The purpose of this initial filtering is to remove from consideration those loops that are unlikely to contribute to improved 
performance. 

In the third step, we unroll each loop by factors of 1 (no unrolling), 2, 4, and 8, generating several versions of each 
benchmark to measure. Next we measure the expected performance of each loop and unrolling when run speculatively in 
parallel using detailed simulation on our baseline hardware support for TLS, and select loops to maximize performance where 
we select the loops that contribute the greatest performance gain. The best performing unrolling factor is used for each loop, 
and chosen independently for the sequential and speculative versions of each application. 

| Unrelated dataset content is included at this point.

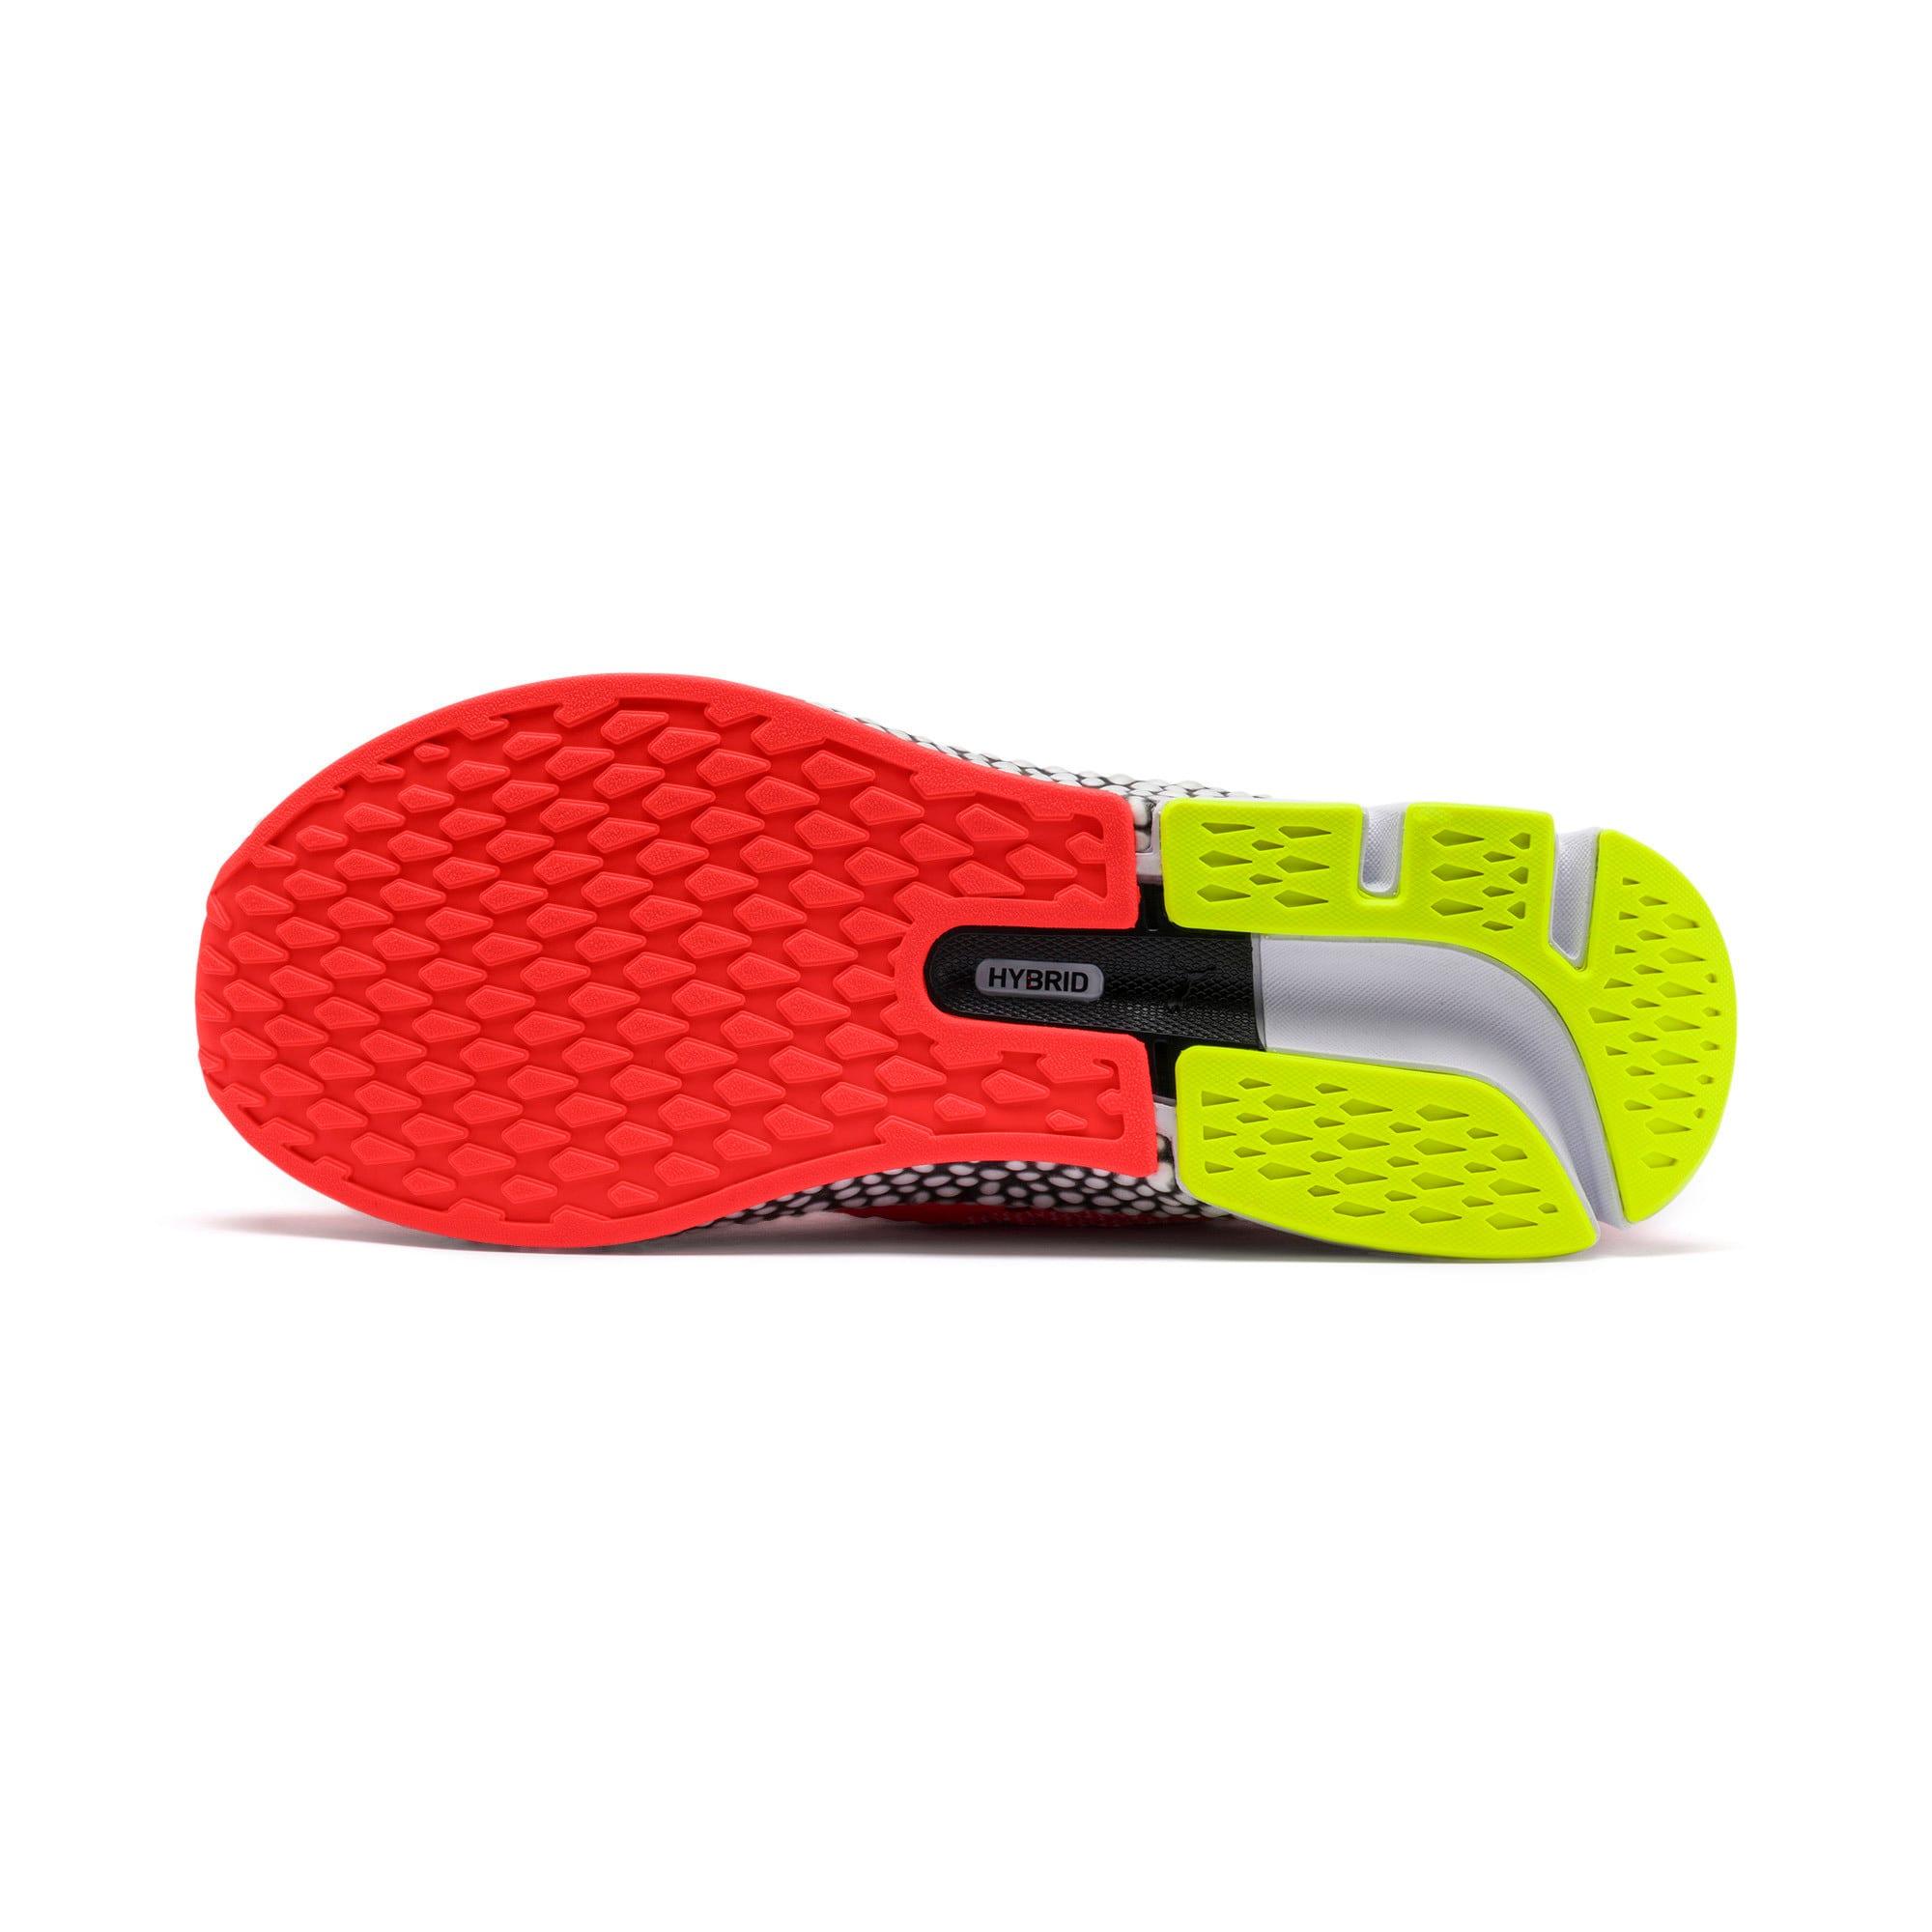 Thumbnail 5 of HYBRID Astro Men's Running Shoes, Nrgy Red-Puma Black, medium

3.2 Transforming to Exploit TLS 


Once speculative regions are chosen, the compiler inserts the new TLS instructions that interact with hardware to create 
and manage the speculative threads and forward values. 


3.3. Optimization 


Without optimization, execution can be unnecessarily serialized by synchronization (through wait and signal opera- 
tions). A pathological case is a “for” loop in the C language where the loop counter is used at the beginning of the loop and 
then incremented at the end of the loop—if the loop counter is synchronized and forwarded then the loop will be serialized. 
However, scheduling can be used to move the wait and signal closer to each other, thereby reducing this critical path. 
Our compiler schedules these critical paths by first identifying the computation chain leading to each signal, and then 
using a dataflow analysis which extends the algorithm developed by Knoop [10] to schedule that code in the earliest safe 
location. We can do even better for any loop induction variable that is a linear function of the loop index; the scheduler 
hoists the associated code to the top of the epoch and computes that value locally from the loop index, avoiding any extra 
synchronization altogether. These optimizations have a large impact on performance [24]. 


3.4 Code Generation 


Our compiler outputs C source code which encodes our new TLS instructions as in-line MIPS assembly code using gcc’s 
“asm” statements. This source code is then compiled with gcc v2.95.2 using the “-03” flag to produce optimized, fully- 
functional MIPS binaries containing new TLS instructions.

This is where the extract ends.